**DATA SECTION**.
/---

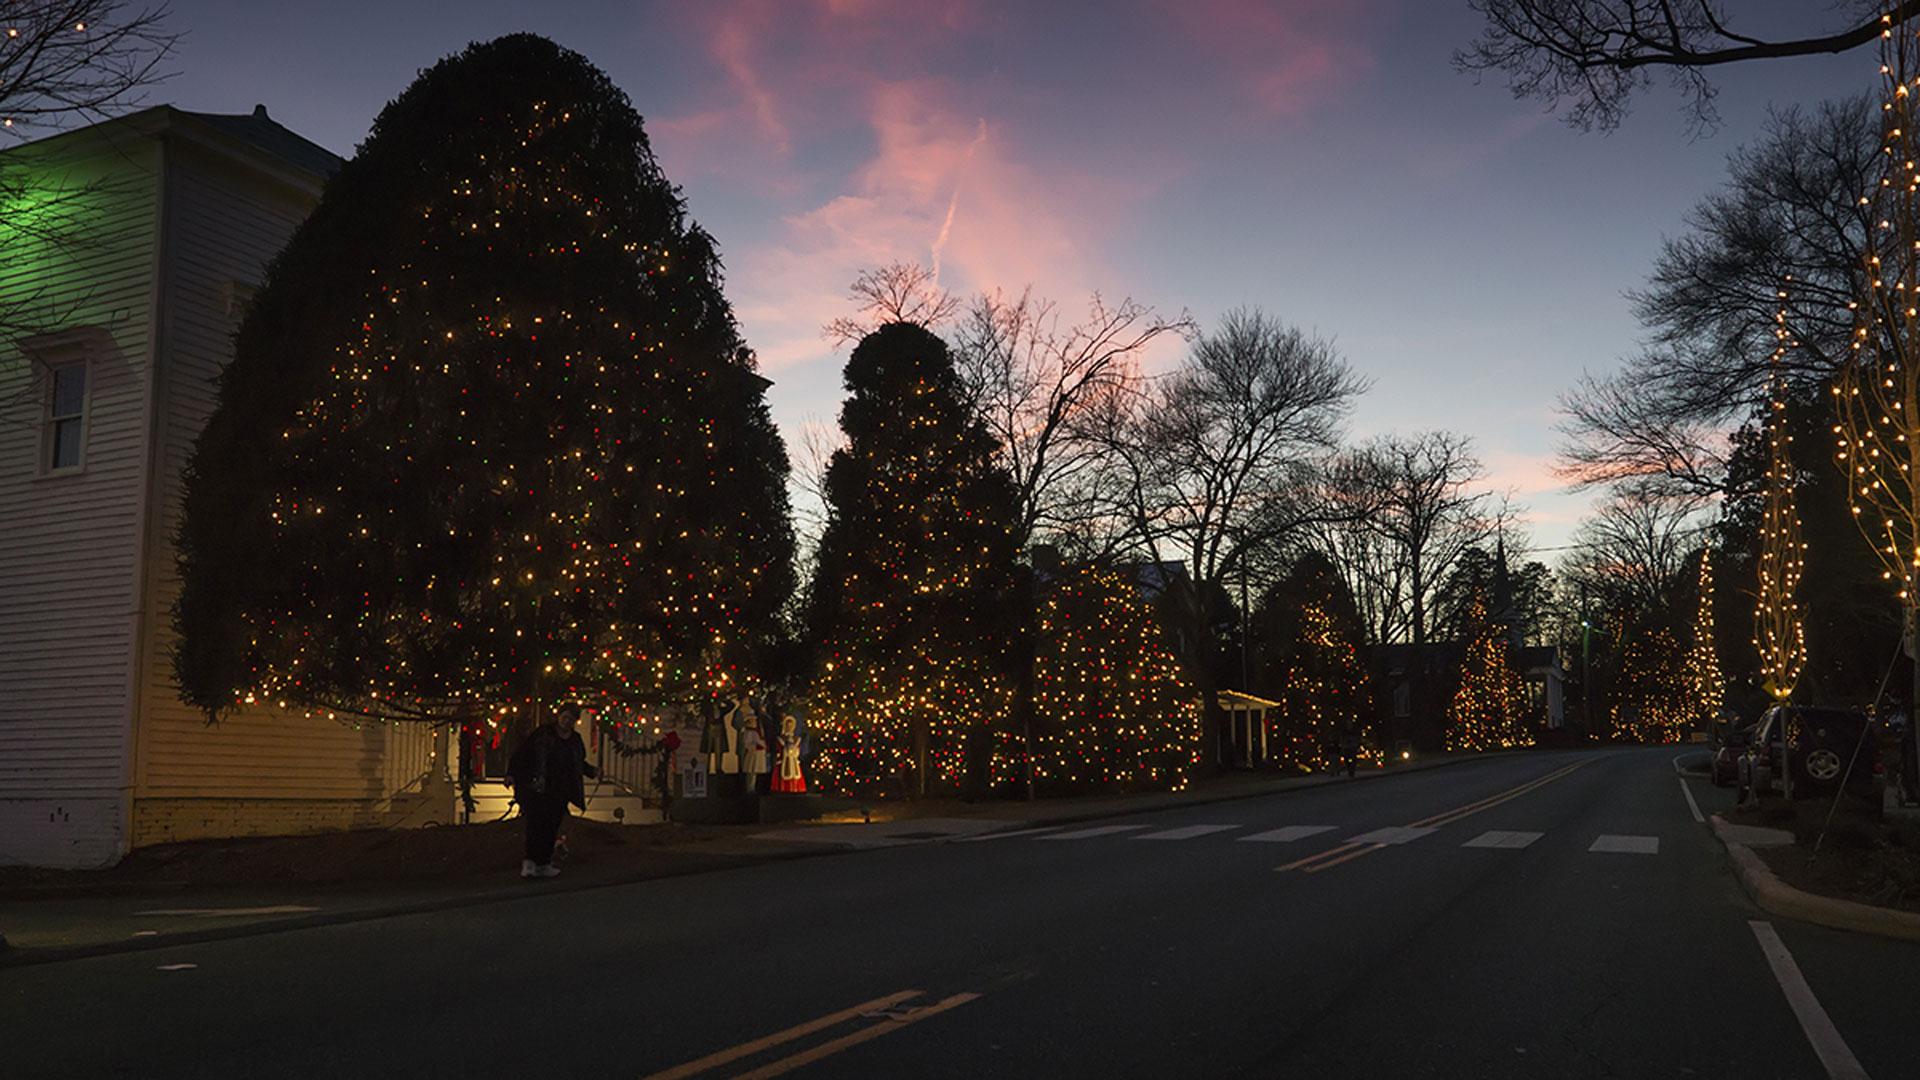 Christmas lights in McAdenville, North Carolina 295478475-159532
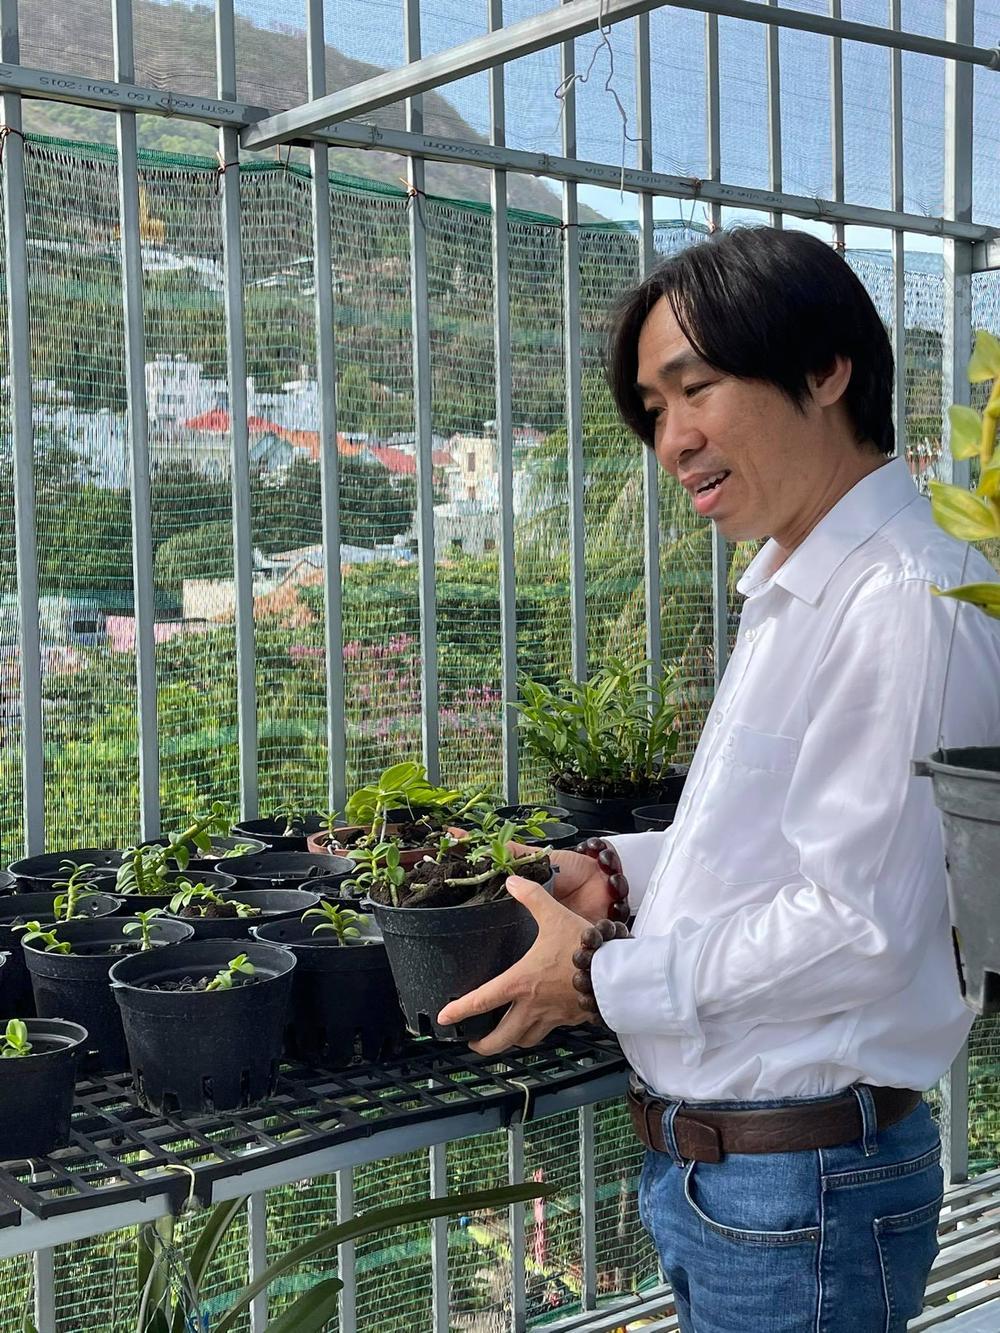 Ông chủ Nguyễn Huy Bình và vườn lan 'khủng' nhiều người ngưỡng mộ Ảnh 6
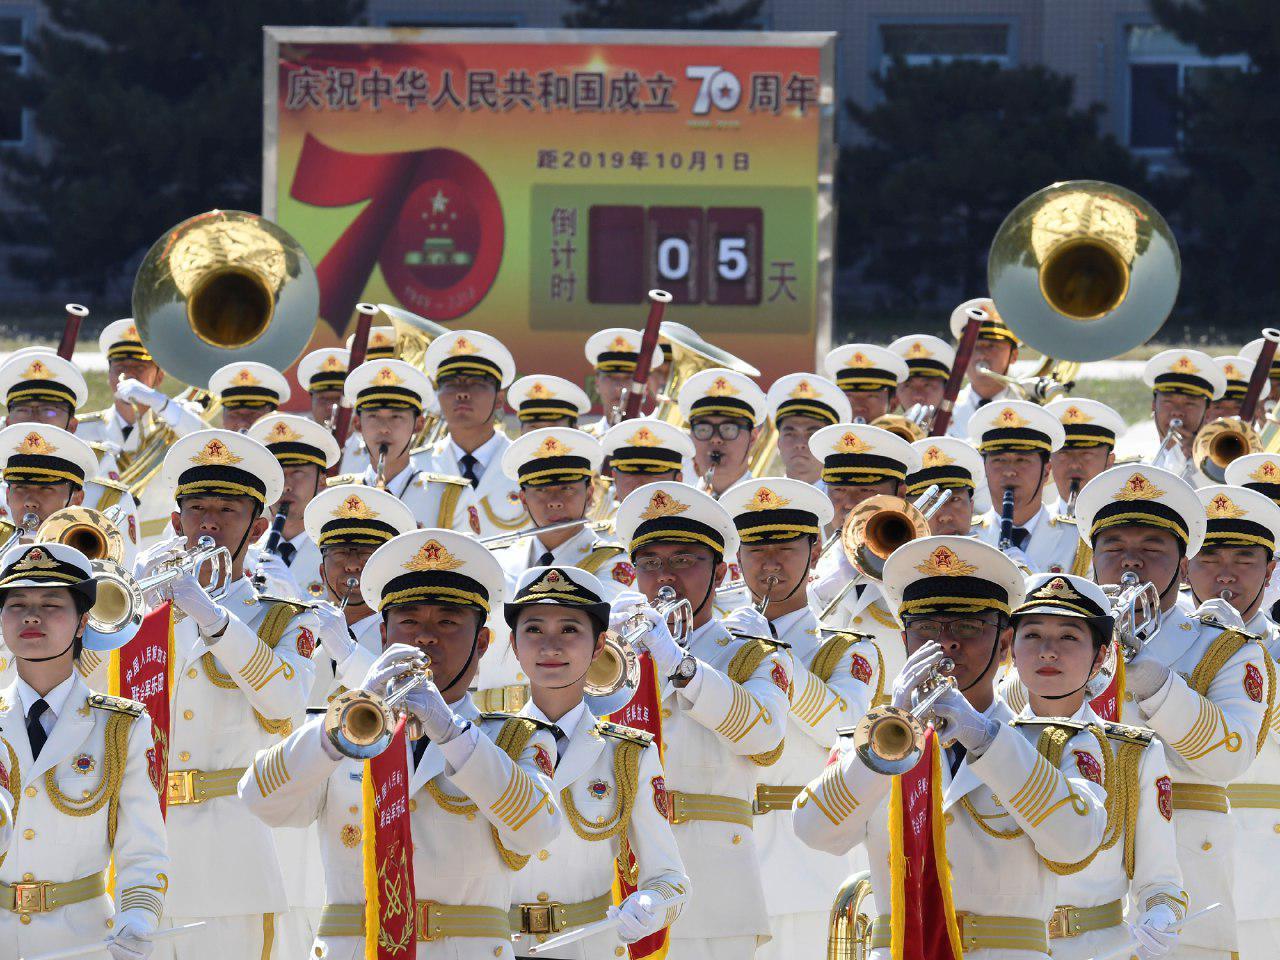 70 років КНР: Китай заявляє, що він більше не другий
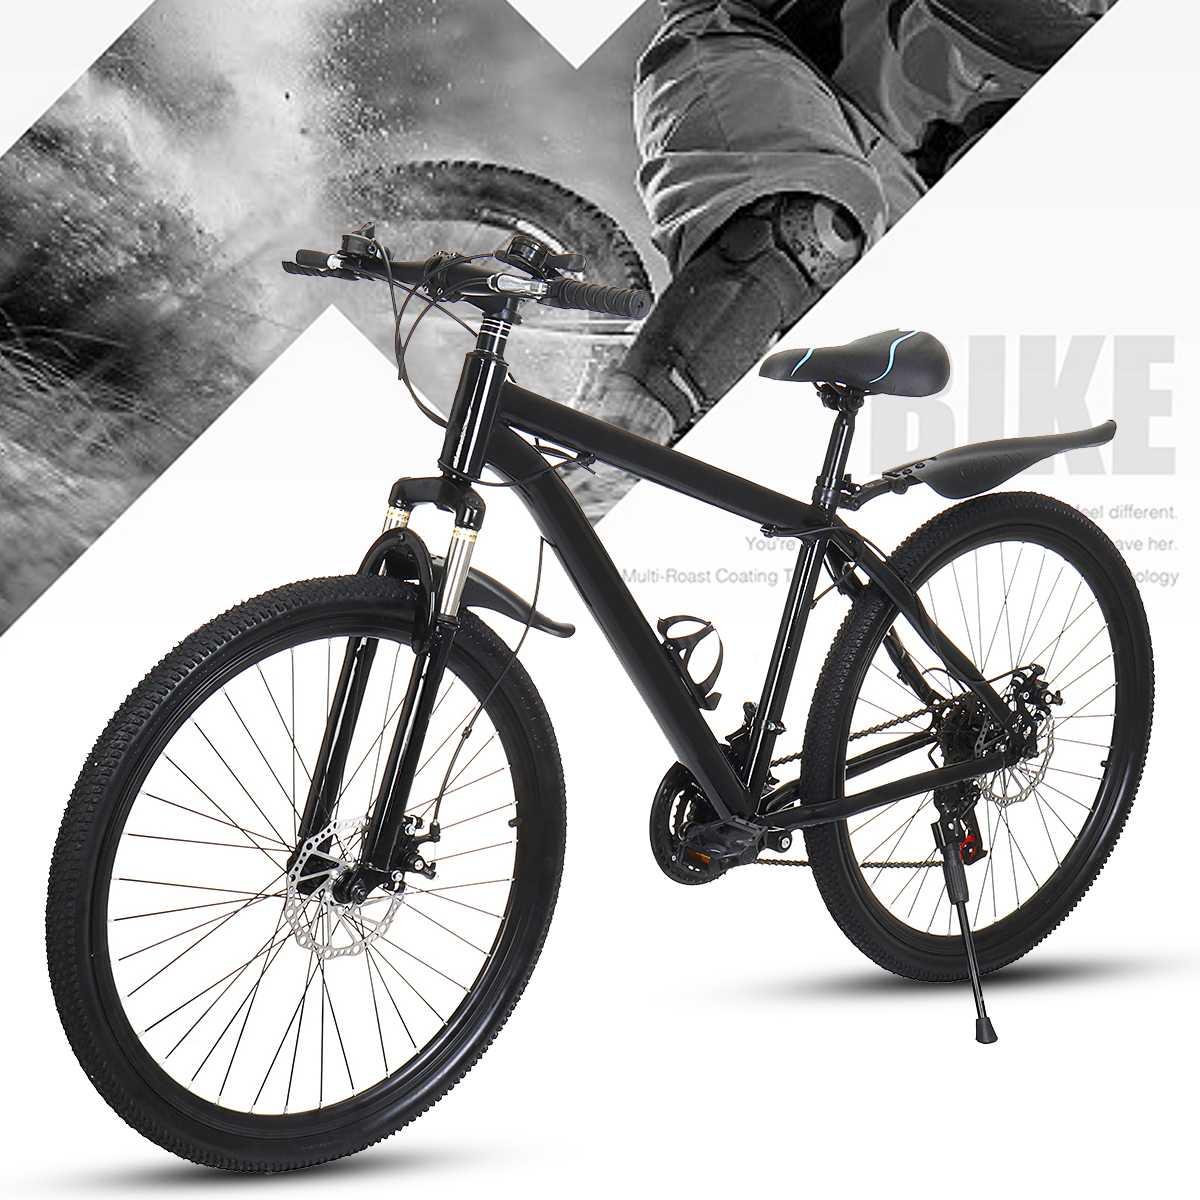 Горный велосипед, 21 скорость, передний и задний тормоз, колеса 26 дюймов, двойные дисковые тормоза для поездок на открытом воздухе, для взросл...

\---

With all pictures omitted, return the lines from the line containing "70 років КНР: Китай" through the closing line of the listing above, exactly and inclusive.

**RESULT OF THIS TASK**.
 70 років КНР: Китай заявляє, що він більше не другий
 Горный велосипед, 21 скорость, передний и задний тормоз, колеса 26 дюймов, двойные дисковые тормоза для поездок на открытом воздухе, для взросл...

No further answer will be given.